When words lose their meaning

A poem’s message is sometimes precise and clearly stated (see “Still I Rise” by Maya Angelou, or “If You Forget Me” by Pablo Neruda), while other times a poem can be undefined, open-ended, or abstract (see “The Love Song of J. Alfred Prufrock” by T. S. Eliot, or “Dream Song” by John Berryman). The language of poetry is refined, condensed, sharpened. And yet, poetry can be interpreted in multiple ways. (You probably *think* you know “The Road Not Taken” by Robert Frost, but do you?) Texts are the same: While the meaning of the text “ETA 15m” is unmistakably informative, the meaning of “IDK” could imply multiple things – from a plain statement of uncertainty to indicating a sense of hesitancy, hopelessness, or even contempt.

Ay, there’s the rub. This ambiguity leaves room for interpretation. When that openness creates space, breathes life, and invites play into the discourse, texting can be a lively form of artful communication. However, in contexts with increased consequences of misinterpretation, the vagaries inherent to texting may pose risks. The conversation takes a wrong turn, and relationships suffer. For individuals primed to assume the worst, an ambiguous text could give rise to painful speculation. Therapists know this story: a client reports a bewildering conflict with a family member, marked by misunderstanding and miscommunication, only to reveal later that the entire thing happened over text. The therapist raises an eyebrow. And so, intuitive in-the-moment etiquette about texting can sometimes fail.

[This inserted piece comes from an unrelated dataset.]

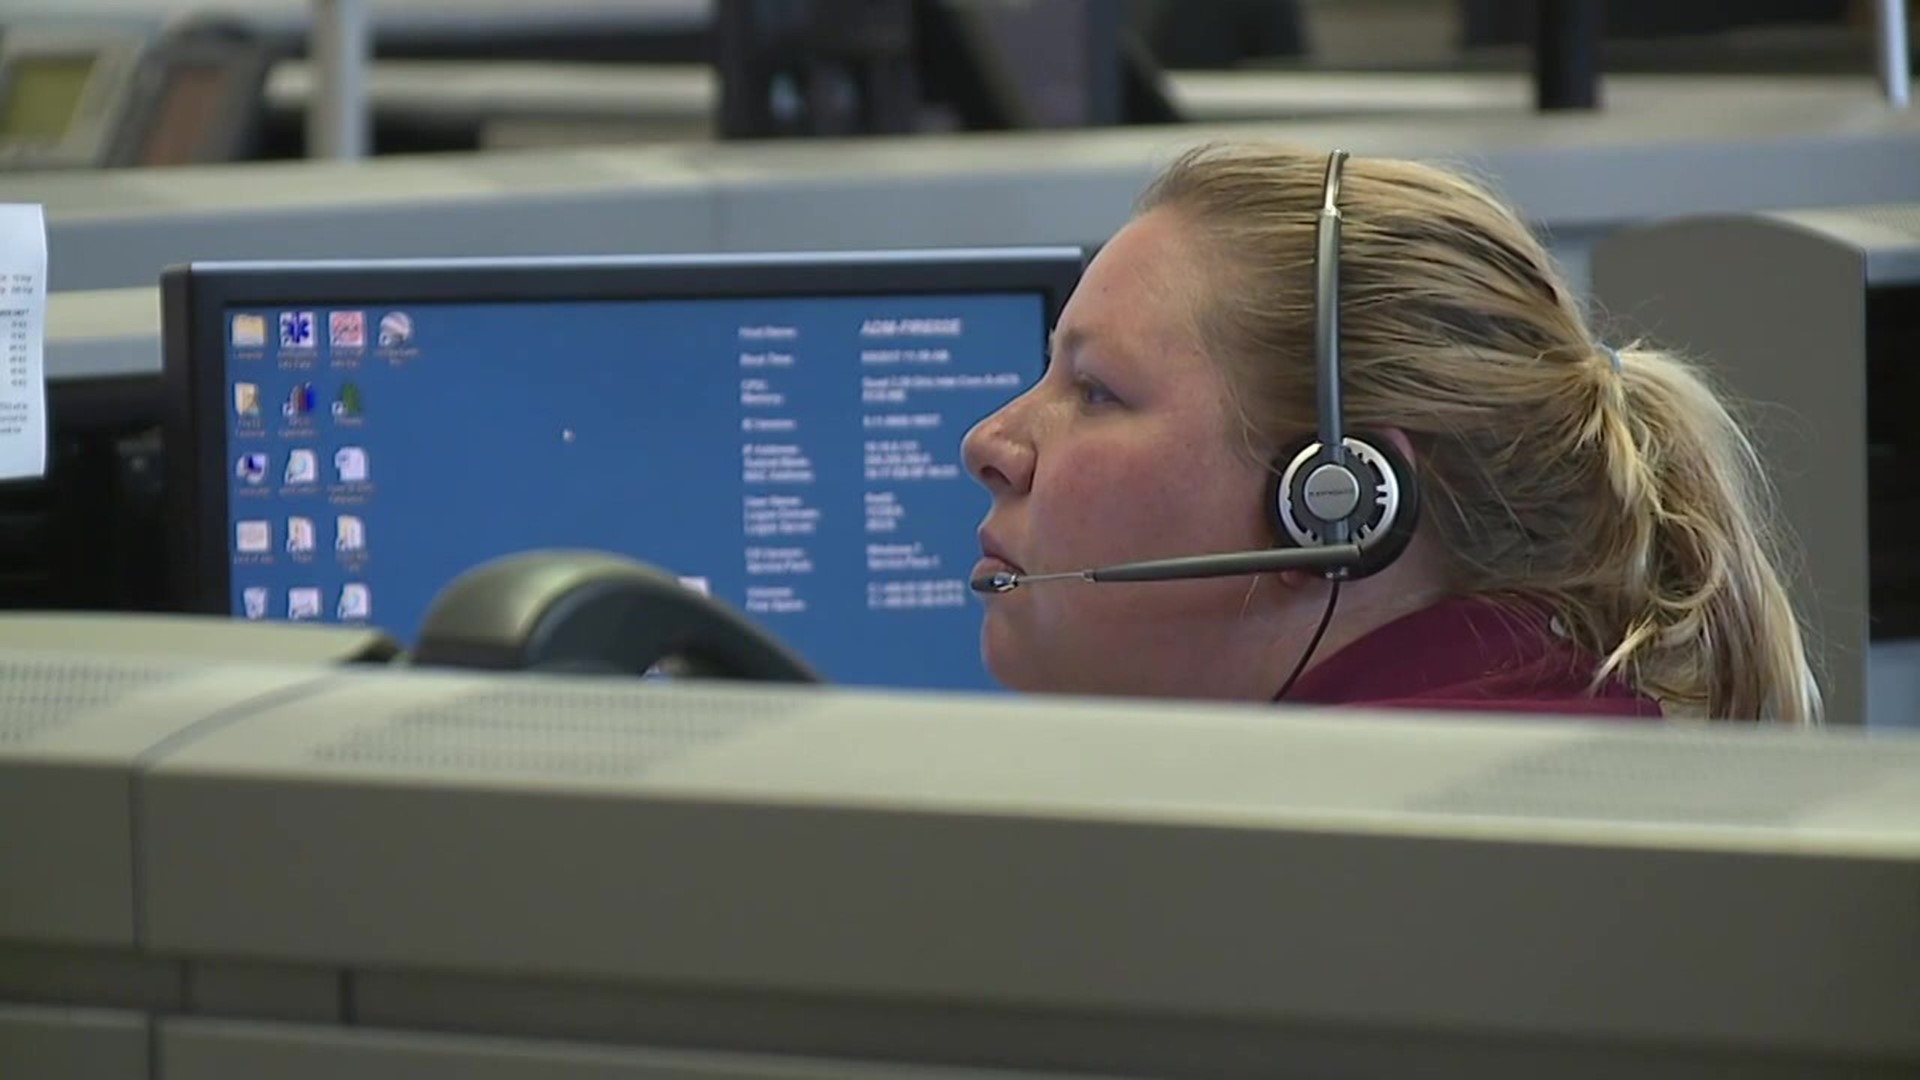 According to Dauphin County's director of public safety, 13 positions are open out of 53 total telecommunicator roles.
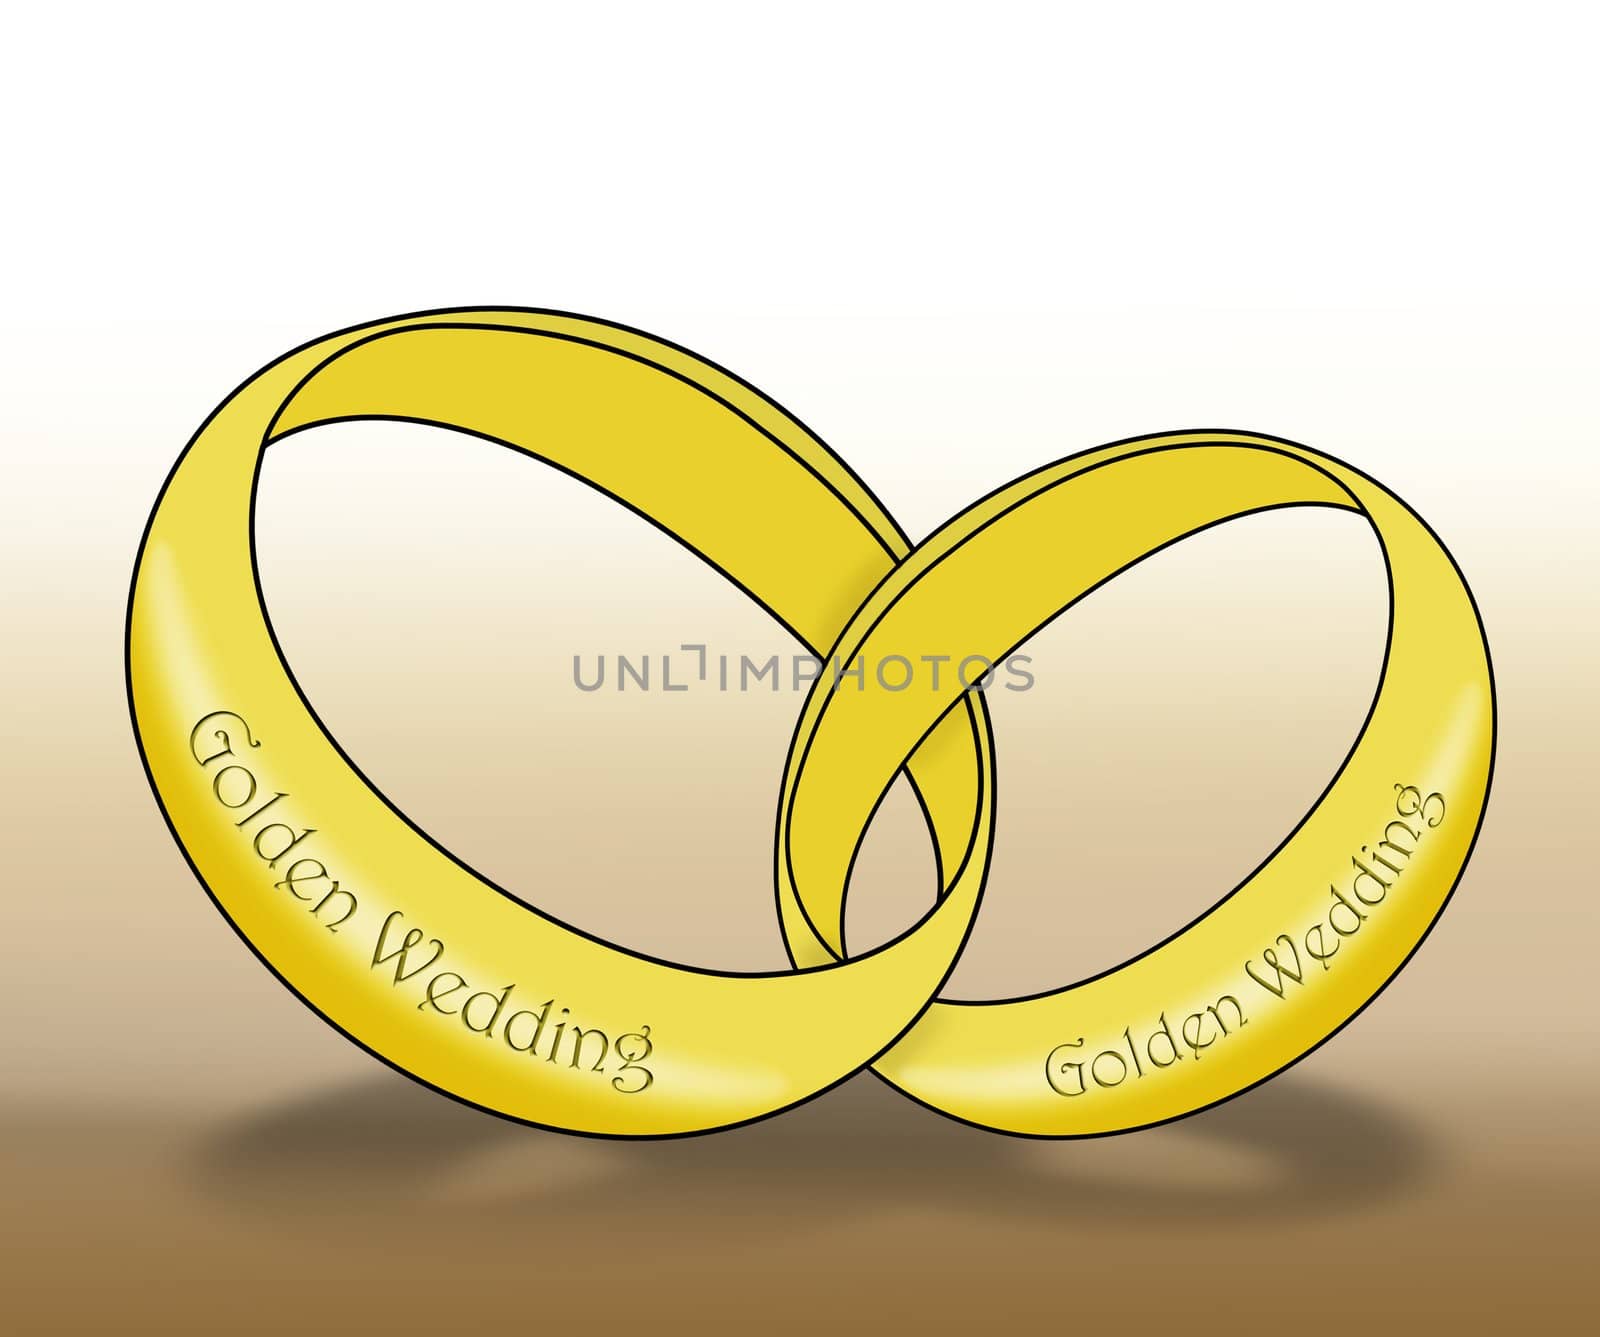 Linked Golden Wedding Rings by rts8459

What we hope for in almost any communication is a connection. Poetry, music, and art in general has ways of making connections that are more sublime – and more human – than any direct transmission of factual information. Writers are reminded that a good story will “show, not tell.” And when a text can make this kind of a connection through deft delivery of artful mystery, it becomes easy to understand its popularity. However, in situations where stakes are higher, or the connection requires more deliberate care, it becomes easy to understand its shortcomings.

What to do?

None of us is a statistic, and every day each of us must choose how to communicate. Perhaps the text/poetry comparison could come in handy. Think of it like this: if you would consider communicating something using a short poem, then a text message might work. But if the occasion does not lend itself well to the poetic, perhaps a phone call is preferred. Personally, I sometimes have to force myself to step back from certain text conversations to assess whether they pose any risk that might better be managed in a phone call or in person. With some extra preparedness, the hope is that we are able to make informed decisions about when to text, in full awareness of the tradeoff between convenience and ambiguity, poetry and prose. 

Whatever you choose, just don’t text while driving.